Lighting plays a huge role in sleep hygiene at night, but the amount of light you surround yourself with at bedtime shouldn’t be the only time you take note of your surroundings. Mariana Figueiro, the director of the Rensselaer Polytechnic Institute’s Lighting Research Center and a professor of architecture, has conducted extensive research on the field of light and its impact on our holistic health. Her research has established that exposing ourselves to certain colors of light at different times of the day can influence our energy, Figuerio tells Good Housekeeping. “Lighting can help increase energy and reduce sleepiness. It is like a cup of coffee,” she says. “It increases brain activities, makes us feel less sleepy, and increases our energy levels and vitality… Being daytime species, humans need high levels of light during the day to maintain alertness. It seems like our brain is designed to ‘see’ bright light during the day.”
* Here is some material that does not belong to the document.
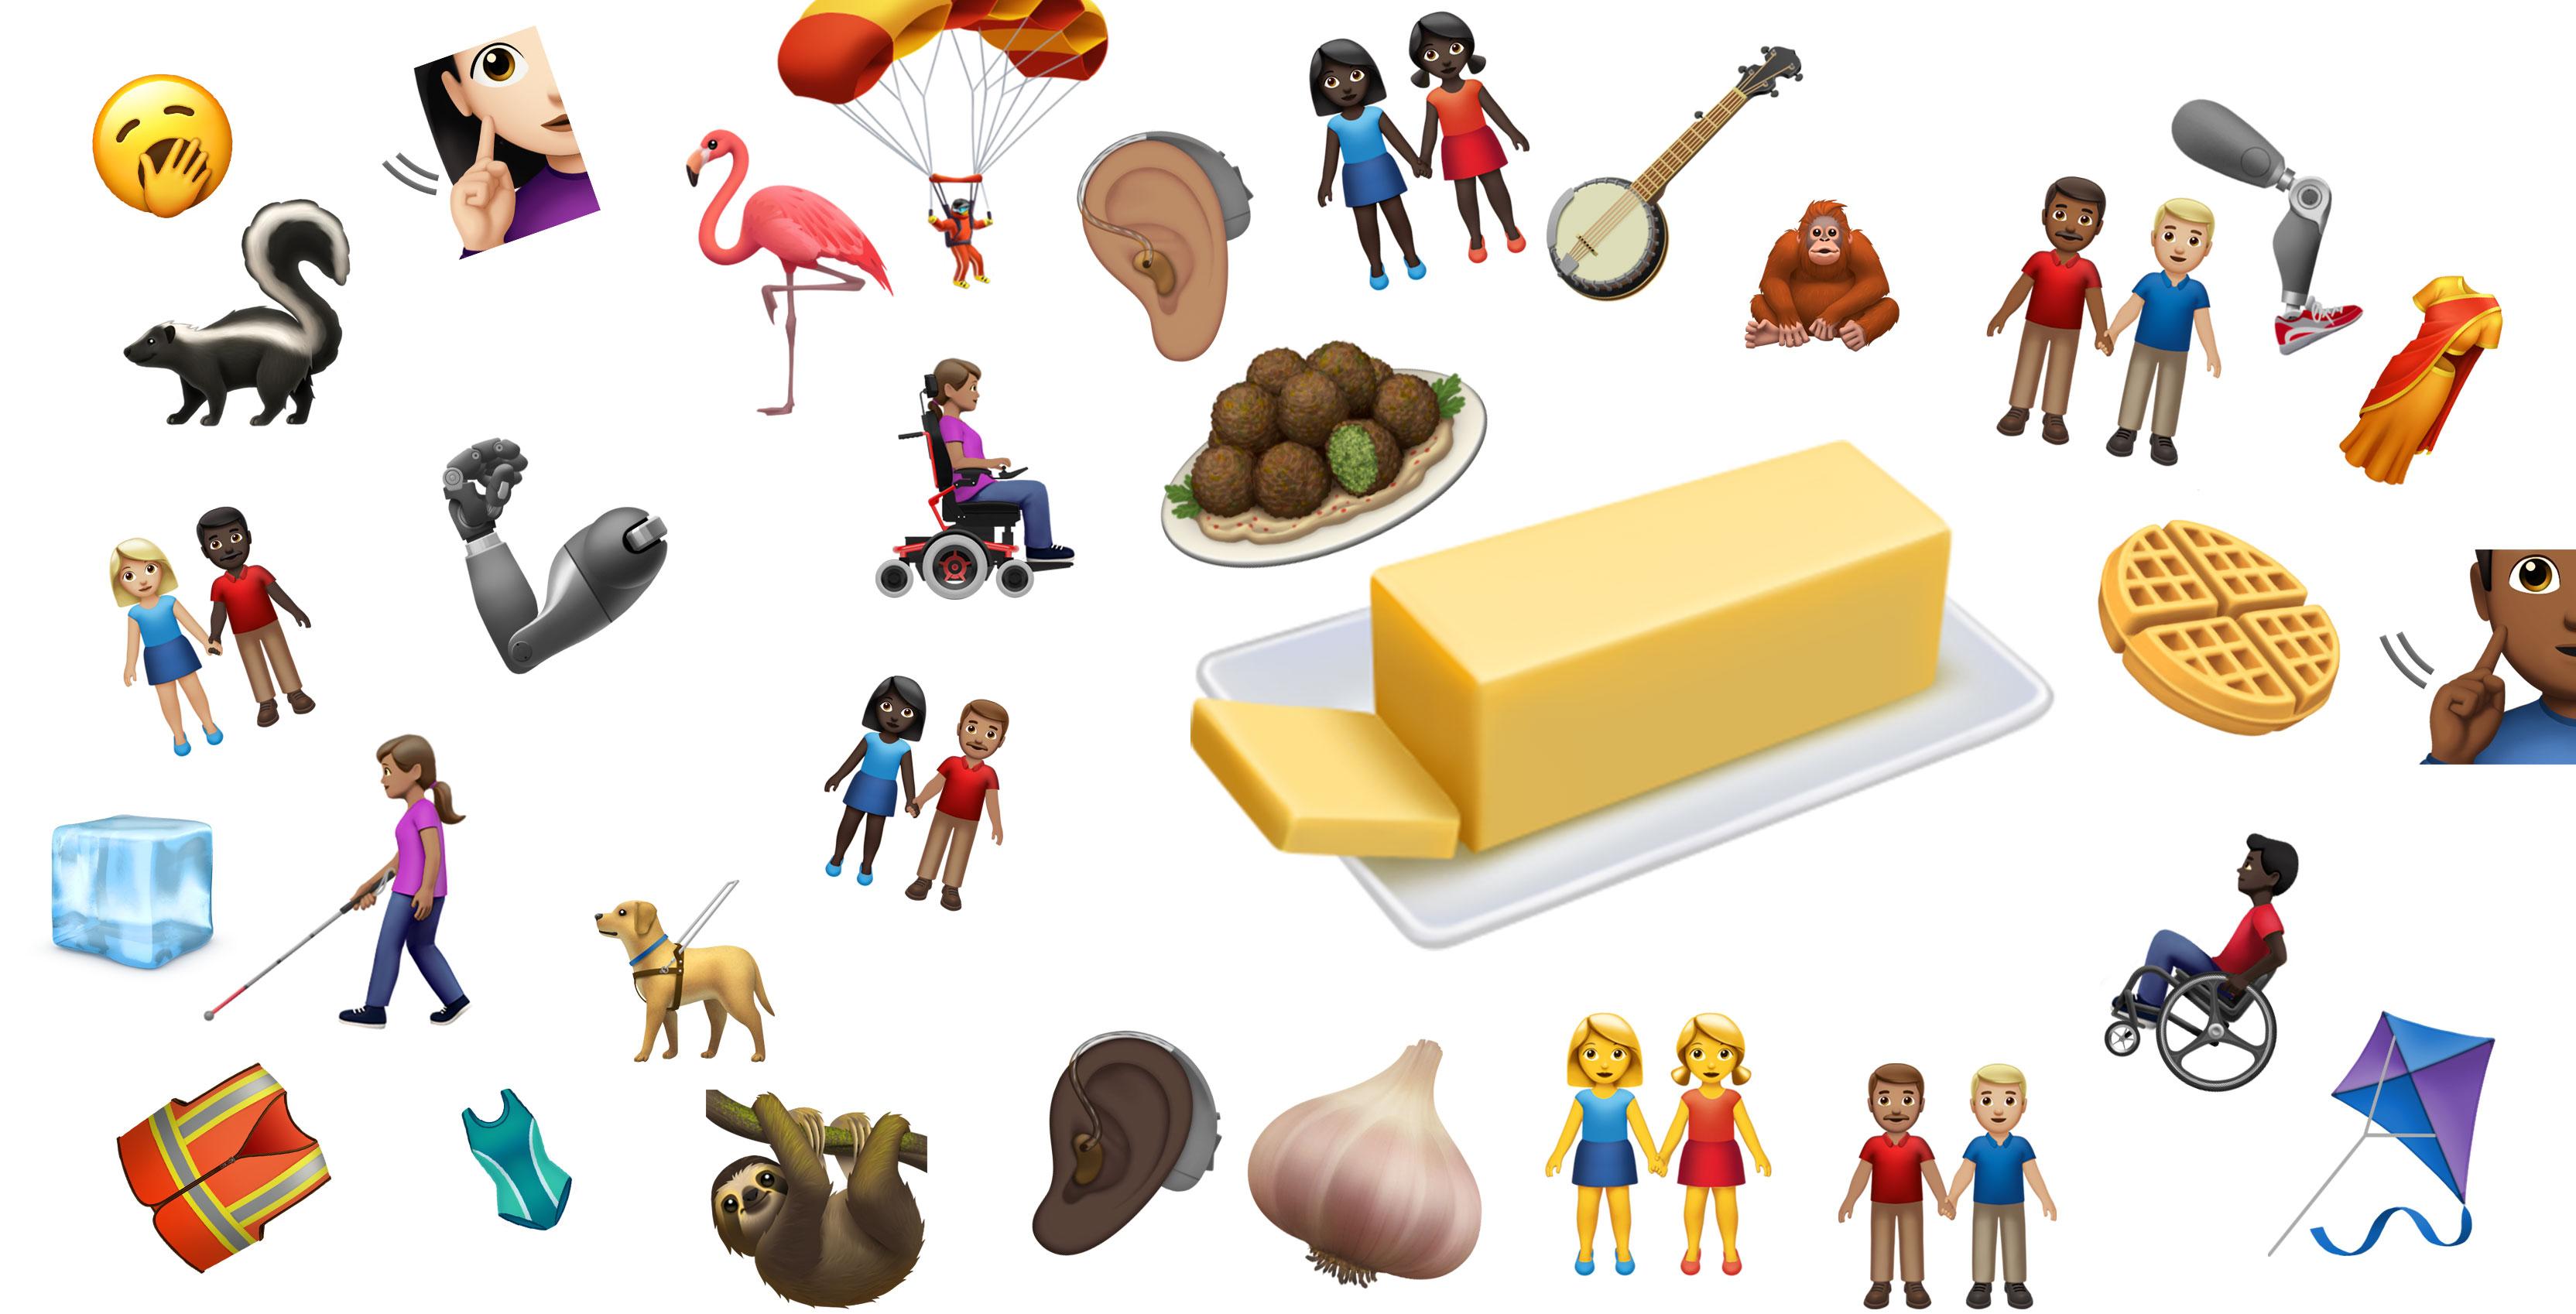 Apple shows off new iOS 13 emoji in in celebration of World Emoji Day

If you’re constantly working in a poorly lit area during your workday, you may feel unnecessarily sleepy — and may have a harder time falling asleep later when it’s naturally dark in your bedroom. “Exposure to higher levels of sunlight during the day can help us sleep better at night because it promotes synchronization between our internal clock and our actual watches,” Figuerio explains, citing her 2017 study published in Sleep Health. “The lack of light at the right time — throughout the day, especially in the morning — and too much light at the wrong time — during evening hours — will throw off the timing of our internal clock. We won’t be able to do the right thing at the right time.”
When you wake up, it’s important to increase light exposure naturally to help yourself wake up; take the dog out, or simply go for a walk yourself. Around bedtime, dim as many of the lights in your home as you can at least two hours before bedtime to help your body get ready for sleep. Try to leave all electronics out of your bedroom if you can, or at least keep them at arm’s length from your bed, as the light emanating from electronics can counteract natural feelings of sleepiness.
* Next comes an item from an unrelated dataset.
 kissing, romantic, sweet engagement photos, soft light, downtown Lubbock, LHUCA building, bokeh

Your mental health could be at risk.
“The amount of sleep you’re receiving is not the only, nor the first, question I would ask patients who tell me they are feeling tired all the time,” Wu says. “One of the cardinal symptoms of both depression and generalized anxiety disorder is chronic tiredness. In the case of depression, the body is physiologically “shut down.” In the case of anxiety, the body is chronically tense, hyper vigilant, and stressed, which is exhausting.”
There are so many cognitive conditions that can play a role in influencing your physical energy levels, says Laura Mueller, LICSW, a Texas- and Minnesota-based therapist specializing in multiple disciplines of cognitive behavioral therapy. “From a mental health standpoint, I would also be looking to see if chronic conditions that affect sleep are at play, including bipolar disorder, or post traumatic stress,” Mueller explains.
If you’re unable to pinpoint any particular symptoms to speak about with your primary care provider, try thinking about your schedule currently and social aspects of your life at the moment — have you been feeling particularly stressed these past few months? For most, stress alone can impact energy levels, Wu explains, even if you haven’t been diagnosed with a pre-existing cognitive condition. “Chronic stress is also a major contributor to fatigue. Whether it’s stress to one’s job, relationships, finances, discrimination, world events (including a pandemic!), it keeps the body in a fight-or-flight mode, which is exhausting,” she says.